His creativity can be partly attributed to his father who is also an artist and musician. His father’s cartoon aesthetic and characters appeared in billiards. Kallweit has a black t-shirt with one of his father’s illustrations on it in white ink.
“I love this grotesque shirt. People do double takes at it. It’s super simple but also complex at the same time,” he said.
Like his father, he has experience making custom t-shirts by creating stencils and using fabric paint to transfer his designs.
His grandmother has a masters degree in art history. Additionally, she had a business called Playmill that was all about making wooden toys for kids. “She did all the designs for it and my grandfather would carve them,” Kallweit said.
Kallweit’s creative ambitions are diverse, encompassing music, drawing, painting, film, photography and digital media.
“In high school, I was really into music production,” he said. “After high school, there was some time when I started really getting into visual arts. I wanted to invest a lot of my effort into art … I wanted to see where I could go with it.”
He said he loved producing beats and visuals to pair with music. A method he uses when editing music videos is called datamoshing, which is the manipulation of the code in a video.
“This is done by deleting frames and duplicating frames in order to have the code break itself,” said Kallweit. “This creates an internal glitch effect. You see it happen in a lot of hip-hop videos.”

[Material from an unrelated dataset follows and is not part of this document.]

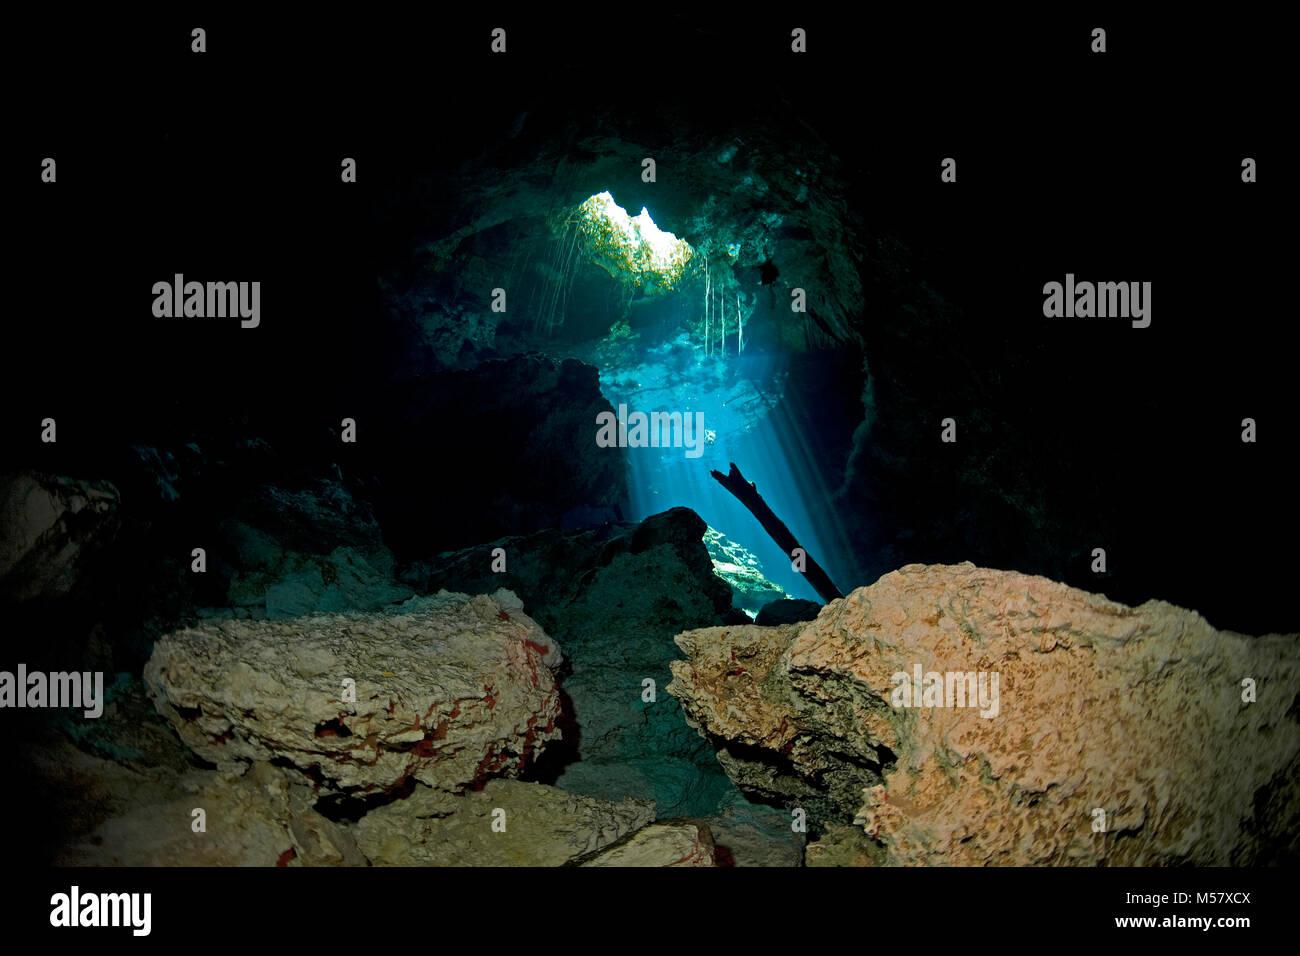 Sunbeams suffuse crystal clear water of cenote Taj Mahal, Cenotes, Tulum, Yucatan, Quintana Roo, Mexico, Caribbean - Stock Image
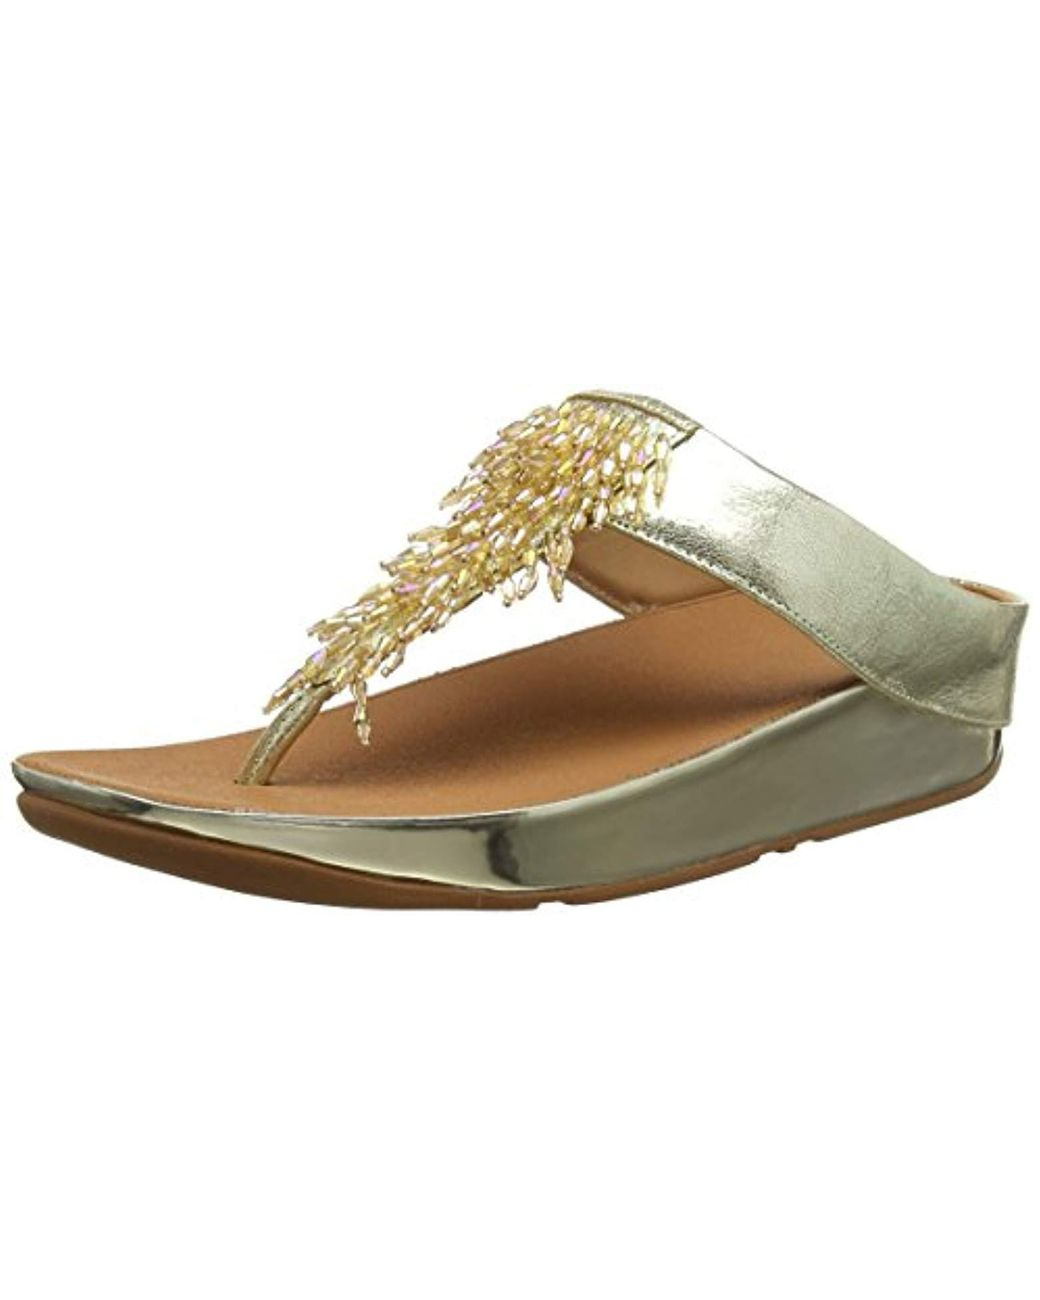 5fe0df22f Fitflop Rumba Toe-thong Sandals Flip-flop in Metallic - Lyst

On his personal website doradoe.com, Kallweit has a range of digital artwork that includes animations, wiggle gifs, stills and datamoshing created in Adobe Photoshop and Illustrator.
“There are so many memories on here,” said Kallweit, when scrolling through his website. “Some of these are years old.”
He datamoshed a segment of a music video of his rapper cousin who has two names: Lank Papi and gradysoblue. He shared a gif he made from overlapping animation with a Kendrick Lamar music video.
To create a wiggle gif, he uses a Nishika camera that specializes in taking four different pictures at one time. For stills, he experiments with a film camera that can expose half of a frame on top of another frame to create two overlaying images in one photograph.
Rebecca Goodale, a USM art professor, inspired Kallweit during his first semester in college. “It was my first semester ever. I had two years off from high school. I hated high school.”
Goodale teaches 2D design, which was one of the first art classes Kallweit took when he came to USM. He reflected on how much he enjoyed her method of teaching. She was able to liven up a mandatory design work class by using her own “little tips and tricks” alongside “positive reinforcement, like a Bob Ross energy.” He said that class inspired him to do more design work and shaped he could “start building the foundation of a studio practice.”
Kallweit is currently enrolled in Digital Art 222, Sculpture and Art History II.
Kallweit will be completing a week-long painting artist residency this summer in Monson, Maine, a week before his twenty-first birthday.